Beijing - US firm First Solar on Tuesday said it had agreed to build what could become the world's largest solar power plant in China's Inner Mongolia region. Arizona-based First Solar said in a statement that it had signed a memorandum of understanding with the Chinese government to build a 2- gigawatt solar plant near Inner Mongolia's Ordos city. First Solar said Wu Bangguo, the official number two in China's ruling Communist Party, attended the signing ceremony during a visit to Arizona.

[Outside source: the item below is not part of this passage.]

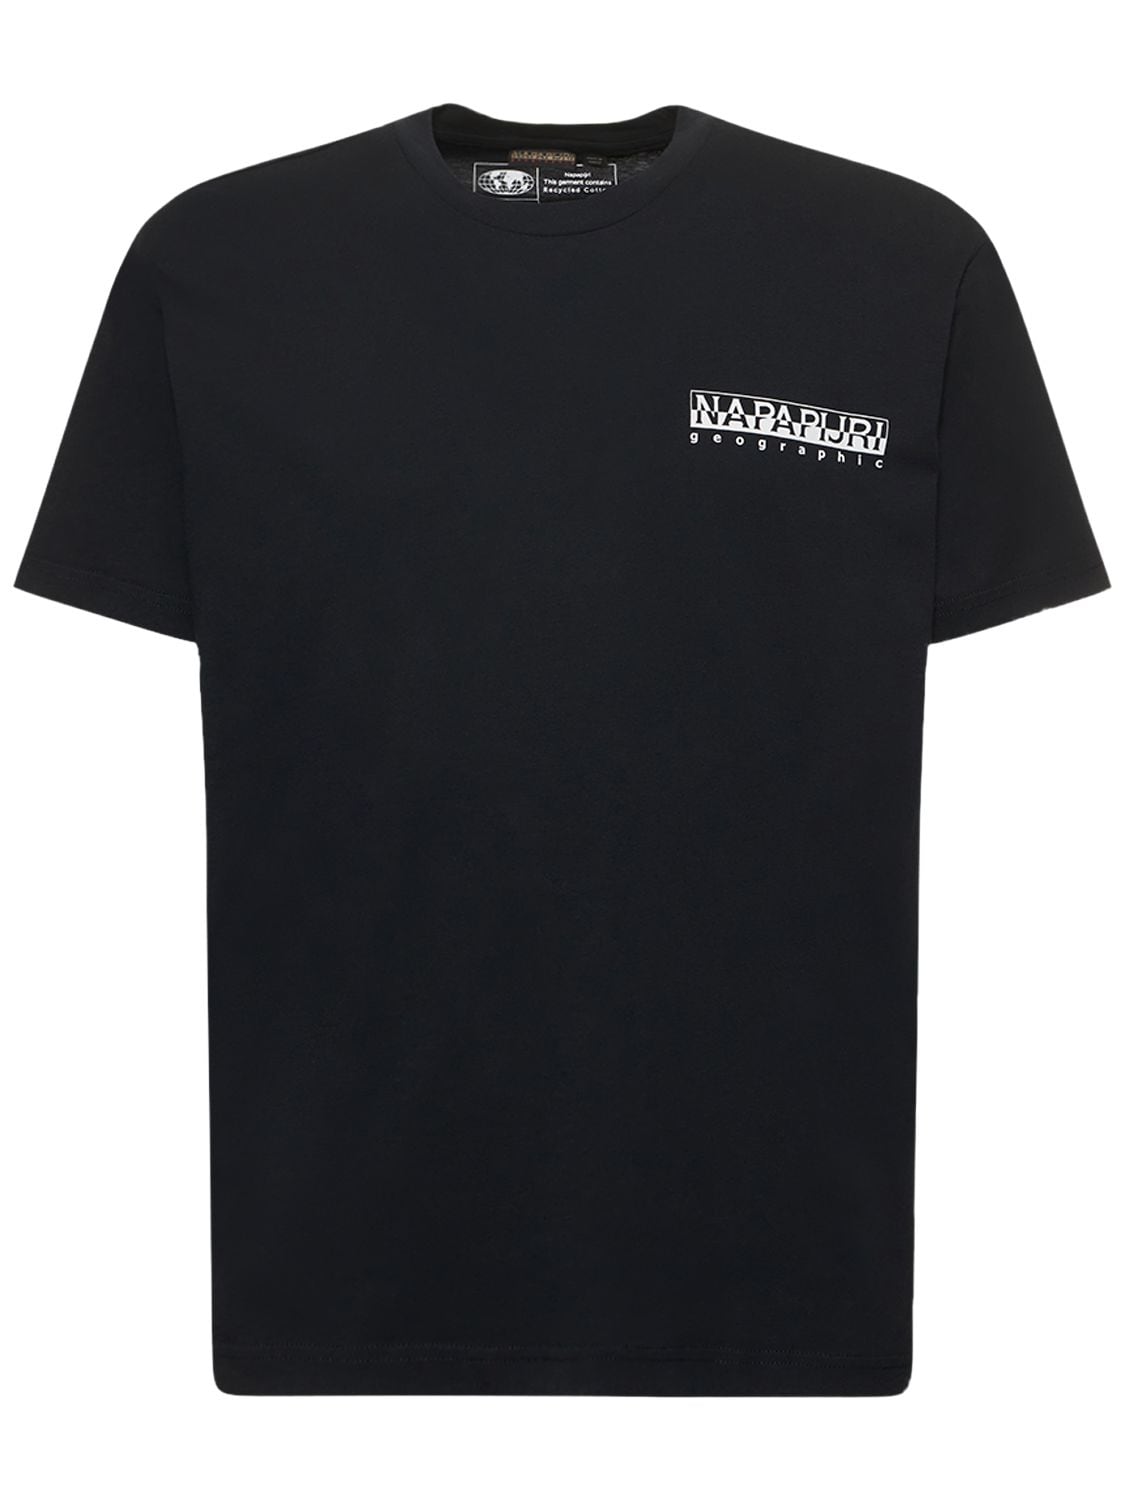 Napapijri S-jubones Printed T-shirt In Black

"This major commitment to solar power is a direct result of the progressive energy policies being adopted in China to create a sustainable, long-term market for solar and a low carbon future for China," First Solar chief executive Mike Ahearn said at the signing ceremony.
"We are proud to be announcing this precedent-setting project today," Ahearn said. "It represents an encouraging step forward toward the mass-scale deployment of solar power worldwide to help mitigate climate change concerns."
The Ordos solar power planet would be completed over 10 years, the US company said. Phase 1 would be a 30-megawatt demonstration project scheduled to start construction by June 1, 2010.
Phases 2, 3 and 4 were scheduled to add 100 megawatts, 870 megawatts and 1,000 megawatts with completion in 2014 for the first two and 2019 for the final phase, the company said in a statement.
China had guaranteed the long-term pricing of electricity from the plant through a "feed-in tariff" which would be "critical to this project", Ahearn said.
"We are very pleased to be partnering with one of the solar industry's global technology leaders in a project of such significance to Ordos's low carbon future," it quoted Cao Zhichen, the vice mayor of Ordos, as saying.